● **EXERCISE INSTRUCTIONS**
Entries follow. Give back exactly the lines starting at the one containing "Creative Grids Quilt" and ending at the one containing "Artificial Christmas Hanging", and no other lines.

Start of RECORDED INFORMATION

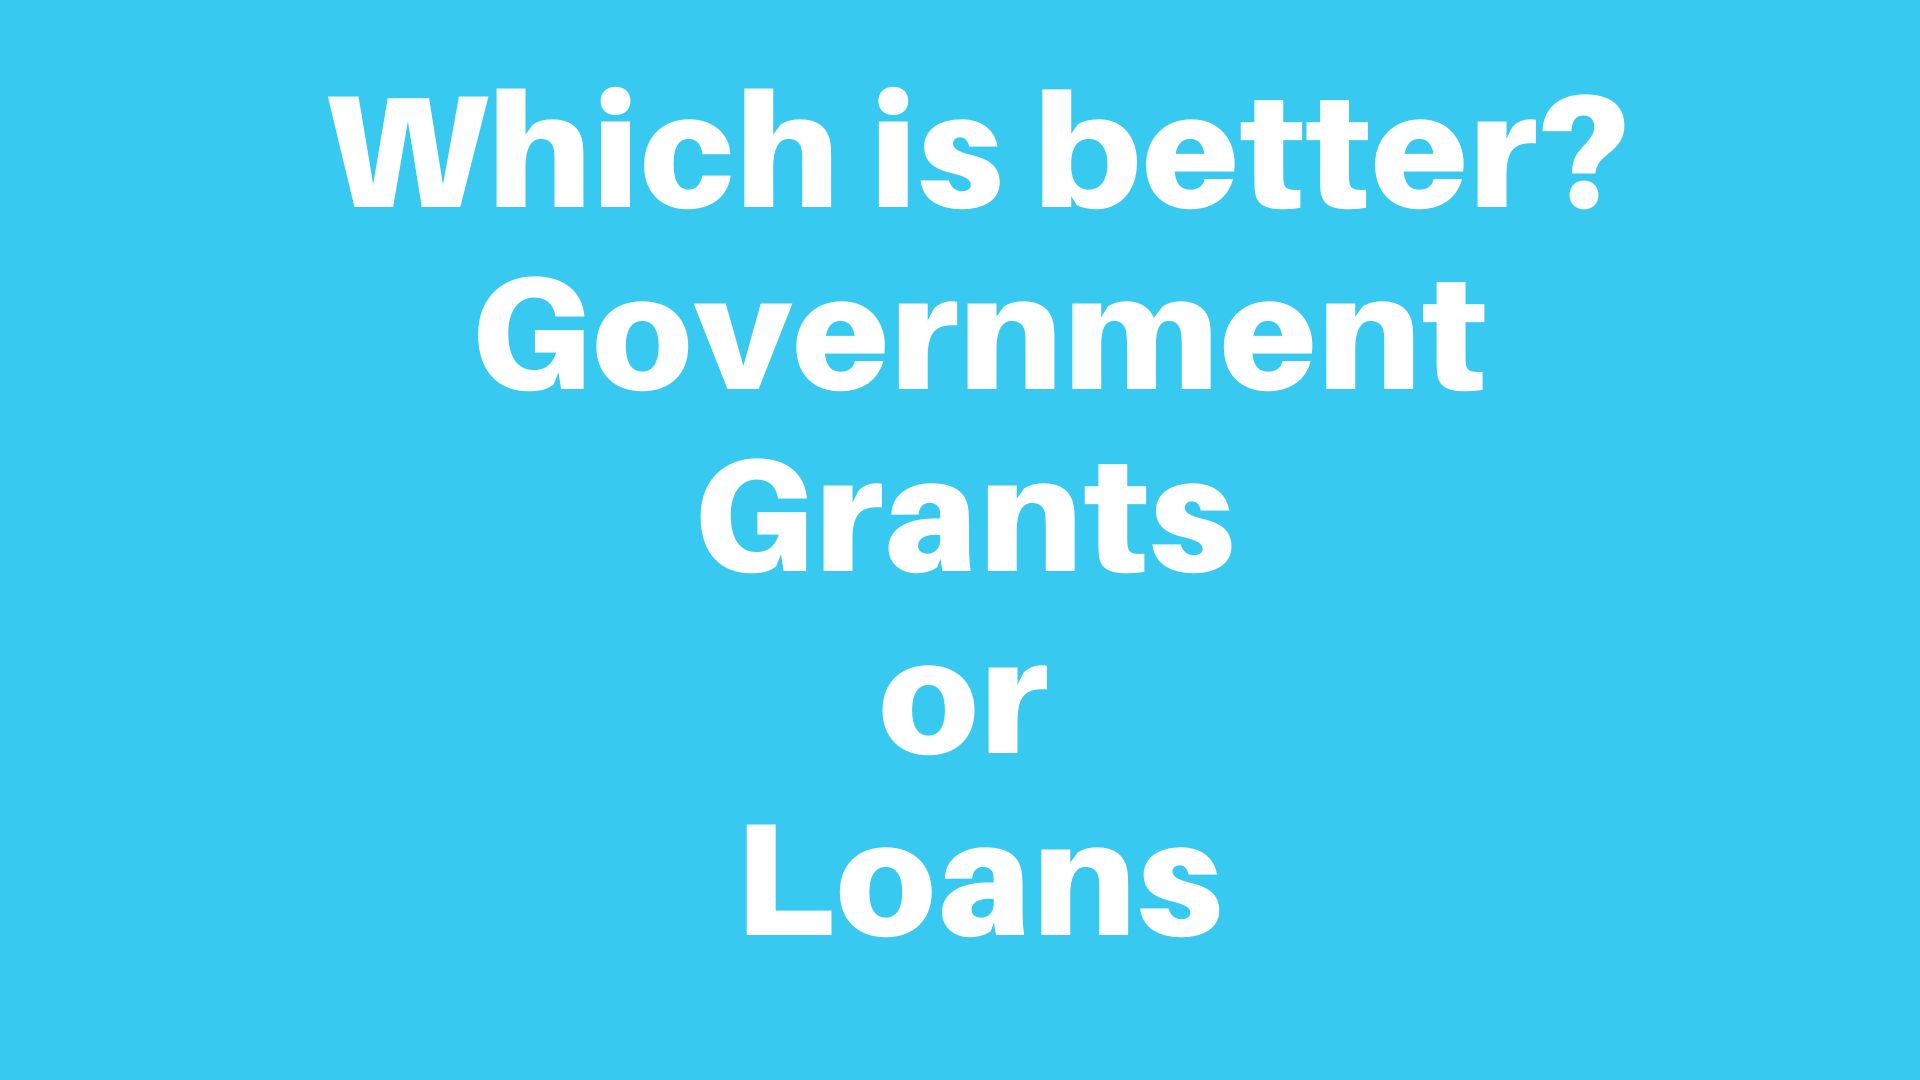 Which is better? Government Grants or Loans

End of RECORDED INFORMATION
Start of RECORDED INFORMATION

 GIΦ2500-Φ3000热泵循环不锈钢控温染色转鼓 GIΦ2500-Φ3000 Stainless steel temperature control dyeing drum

End of RECORDED INFORMATION
Start of RECORDED INFORMATION

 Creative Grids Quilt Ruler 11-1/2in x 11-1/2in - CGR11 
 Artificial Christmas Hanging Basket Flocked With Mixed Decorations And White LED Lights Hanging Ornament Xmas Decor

End of RECORDED INFORMATION

● **TASK ANSWER**
 Creative Grids Quilt Ruler 11-1/2in x 11-1/2in - CGR11 
 Artificial Christmas Hanging Basket Flocked With Mixed Decorations And White LED Lights Hanging Ornament Xmas Decor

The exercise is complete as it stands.